Он — один из самых ярких и остроумных умов, когда-либо рожденных Англией. Он — одно из самых блистательных созданий, когда-либо вышедших из-под пера поэта. В нем много плутовства и много гениальности, но нет ни следа посредственности. Он всегда выше своего окружения, всегда находчив, всегда остроумен, всегда непринужден, часто бывает посрамлен, но благодаря своей изобретательной наглости никогда не теряет лица. Он опустился ниже своего социального положения; он живет в худшем (хотя и в лучшем) обществе; у него нет ни души, ни чести, ни морального чувства; но он грешит, грабит, лжет и хвастается с таким великолепным избытком и стоит так высоко над любой серьезной попыткой лицемерия, что кажется неизменно обаятельным, что бы он ни делал. Поэтому он очаровывает всех, хотя и служит мишенью для всеобщих насмешек. Он постоянно удивляет нас богатством своей натуры. Он стар и юн, порочен и безобиден, труслив и дерзок, «плут без злобы, лжец без обмана; рыцарь, джентльмен и солдат без достоинства, приличий и чести». Юный принц проявляет хороший вкус, всегда и вопреки всему ища его общества.
Как он остроумен в той блестящей сцене, где Шекспир осмеливается позволить ему заранее спародировать встречу принца Генри с его оскорбленным отцом! И с каким лукавым юмором Шекспир устами Фальстафа высмеивает Лили, Грина и старую пьесу «Царь Камбиз»! Как восхитительно бесстыдное самоосмеяние Фальстафа, когда он так обращается к злополучным купцам, которых грабит:
«А! проклятые гусеницы! жирные плуты! они ненавидят нас, молодежь: долой их; обобрать их... Повесить вас, брюхатые негодяи. Вы разорены? Нет, вы, толстые олухи; хотел бы я, чтобы ваши запасы были здесь! Вперед, свиньи, вперед! Что! вы, негодяи, молодые люди должны жить».
А какой юмор в его привычке с жалостью к самому себе сожалеть о том, что его молодость и неопытность были сбиты с пути:
«Будь я проклят, если стану ради какого-нибудь королевского сына в христианском мире... Я каждый час клялся бросить его компанию все эти двадцать два года, и все же я околдован компанией этого негодяя... Компания, гнусная компания, погубила меня».
Но если он и не был сбит с пути, то он и не тот «гнусный развратитель юношества», каким его выставляет принц Генри, изображающий короля.
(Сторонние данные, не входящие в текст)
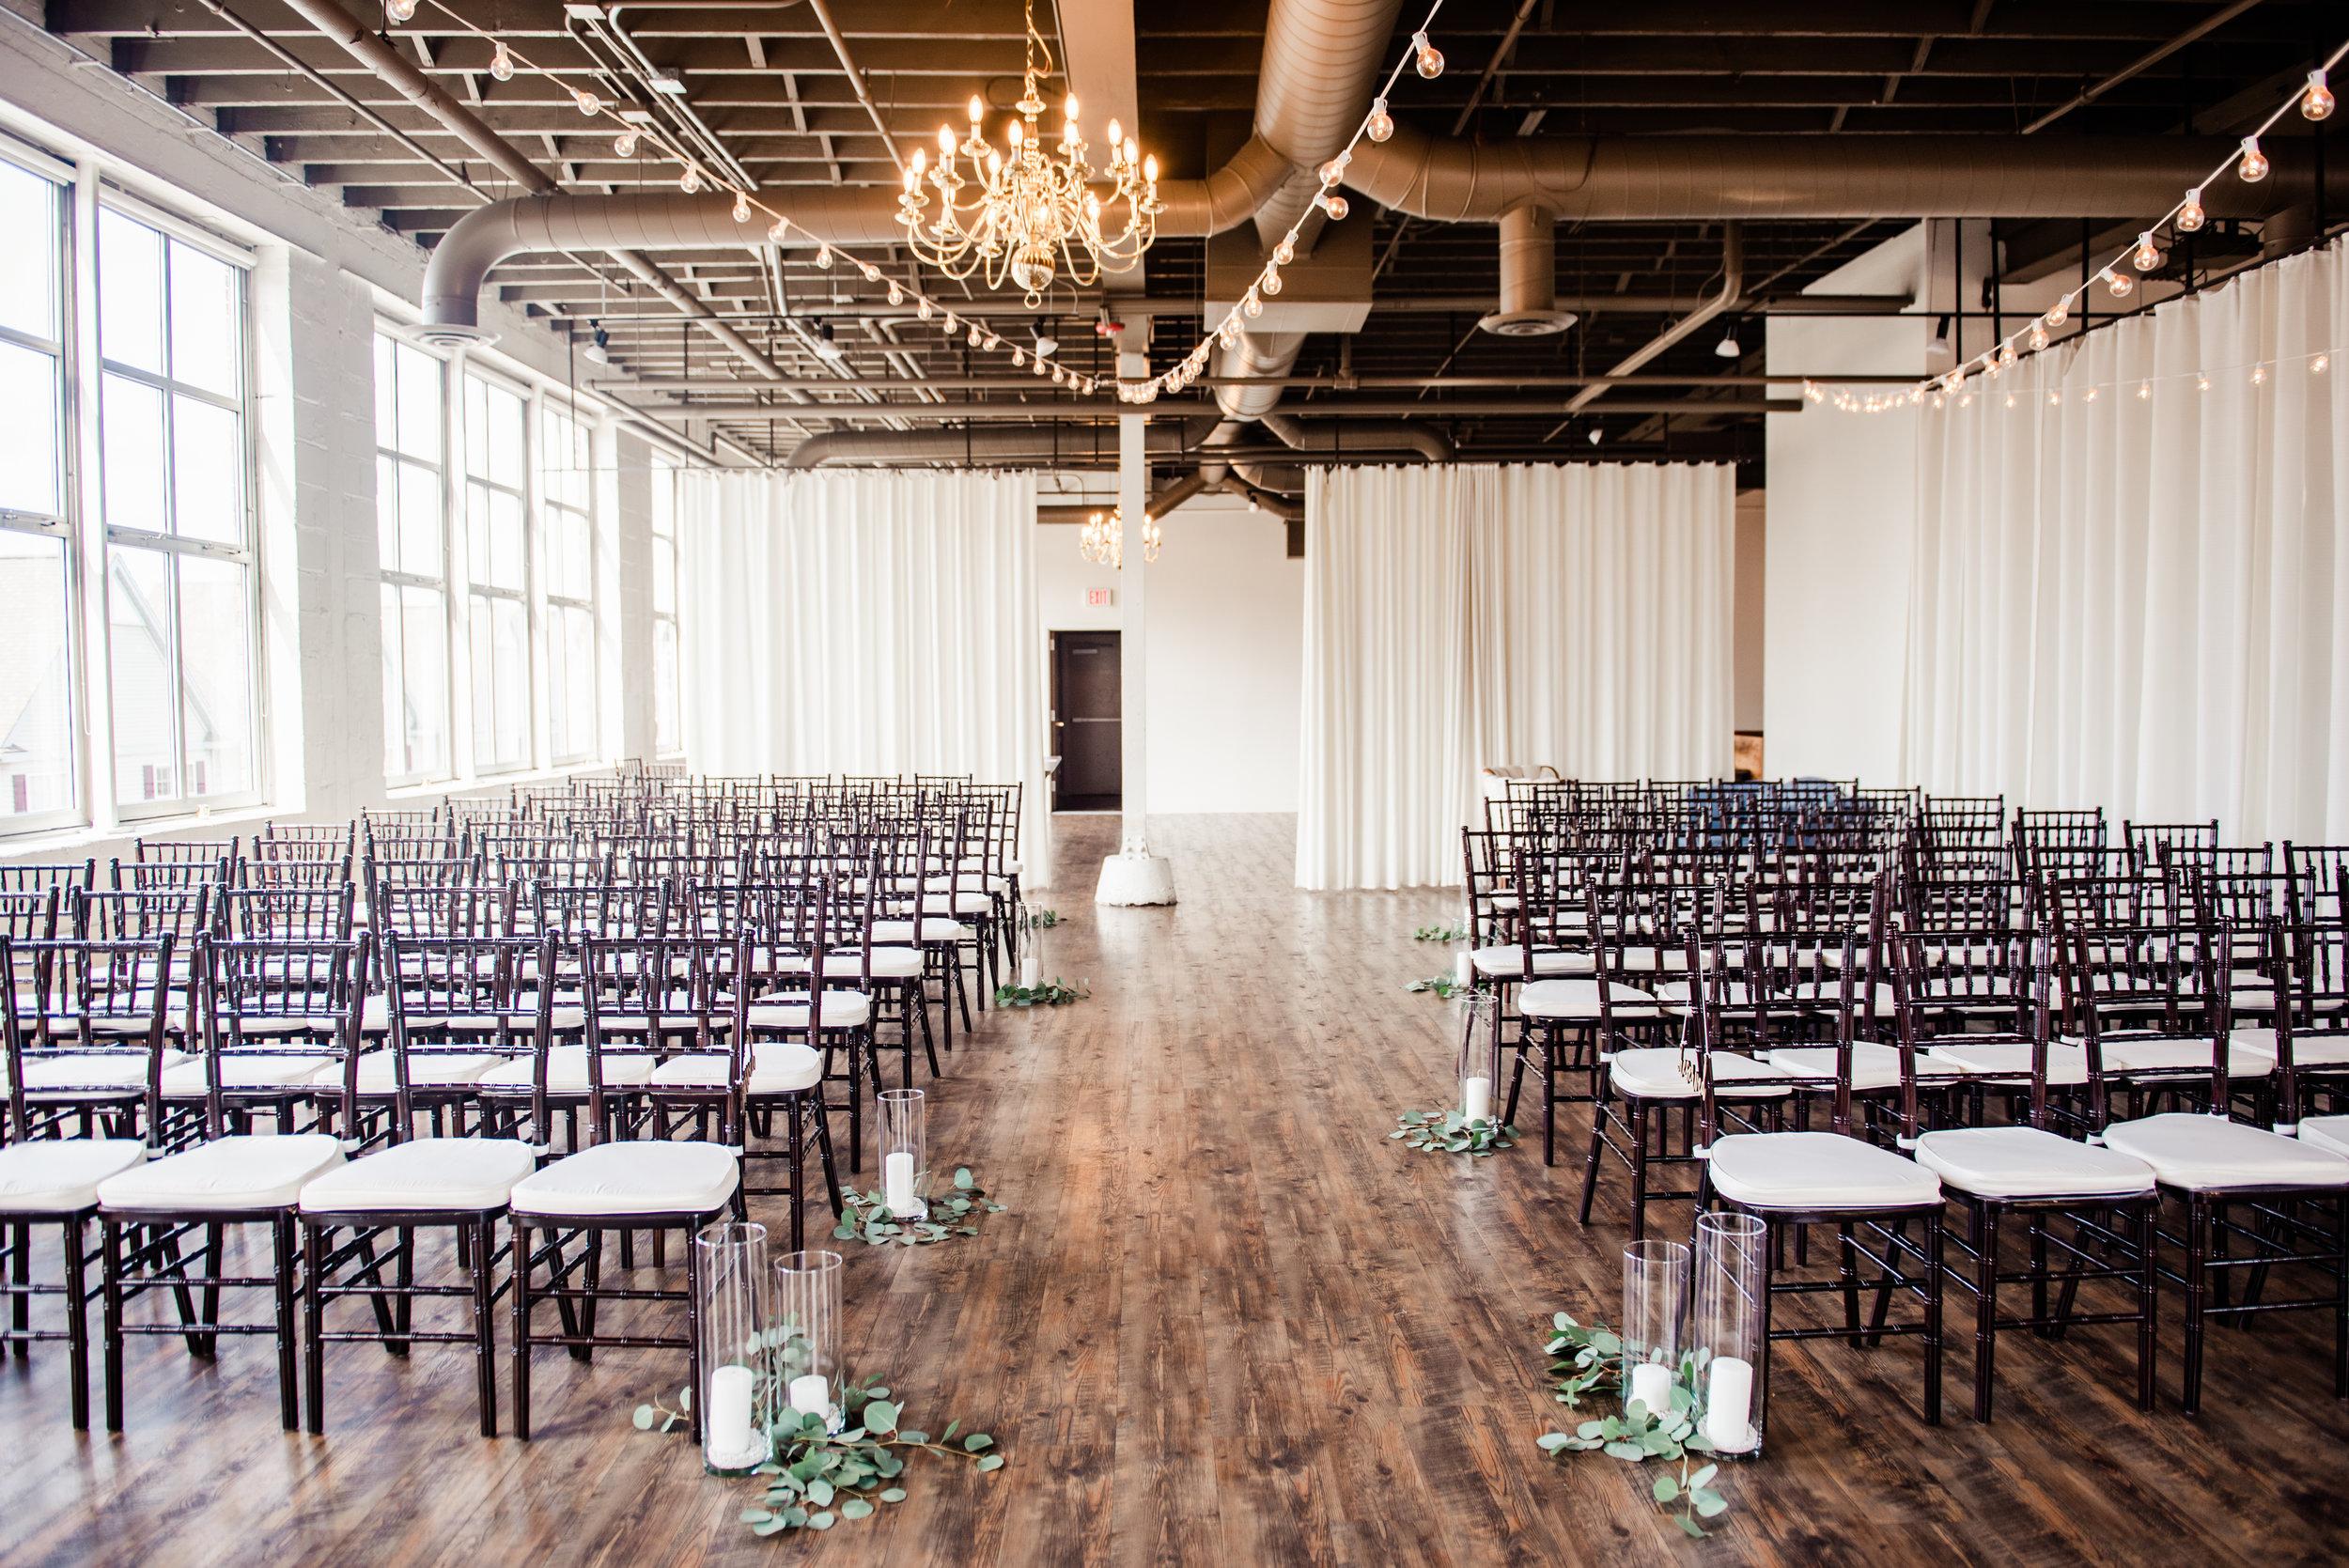 The_Arbor_Loft_Rochester_Wedding_JILL_STUDIO_Rochester_NY_Photographer_151045.jpg

Ибо этому персонажу присущ злой умысел, в котором Фальстаф достаточно невинен. Однако несомненно, что, хотя в первой части «Генриха IV» Шекспир сохраняет Фальстафа как чисто комическую фигуру и рассеивает в эфире смеха все низкое и нечистое в его натуре, чем дольше он работает над этим характером и чем больше чувствует необходимость противопоставить моральную силу натуры принца никчемности его раннего окружения, тем больше его искушает позволить Фальстафу деградировать. Во второй части его остроумие становится грубее, поведение — более непростительным, цинизм — менее добродушным; а его отношения с хозяйкой, которую он обманывает и грабит, совершенно низменны. В первой части пьесы он от всего сердца наслаждается собой, своими попойками, своими шутками, своими подвигами на большой дороге и почти бесцельной лживостью; во второй части он все больше попадает под подозрение в том, что наживается на принце, в то время как оказывается во все более и более дурной компании. Схема целого, действительно, требует, чтобы настал момент, когда принц, унаследовавший трон и сопутствующие ему обязанности, примет серьезный вид и обрушит громы возмездия.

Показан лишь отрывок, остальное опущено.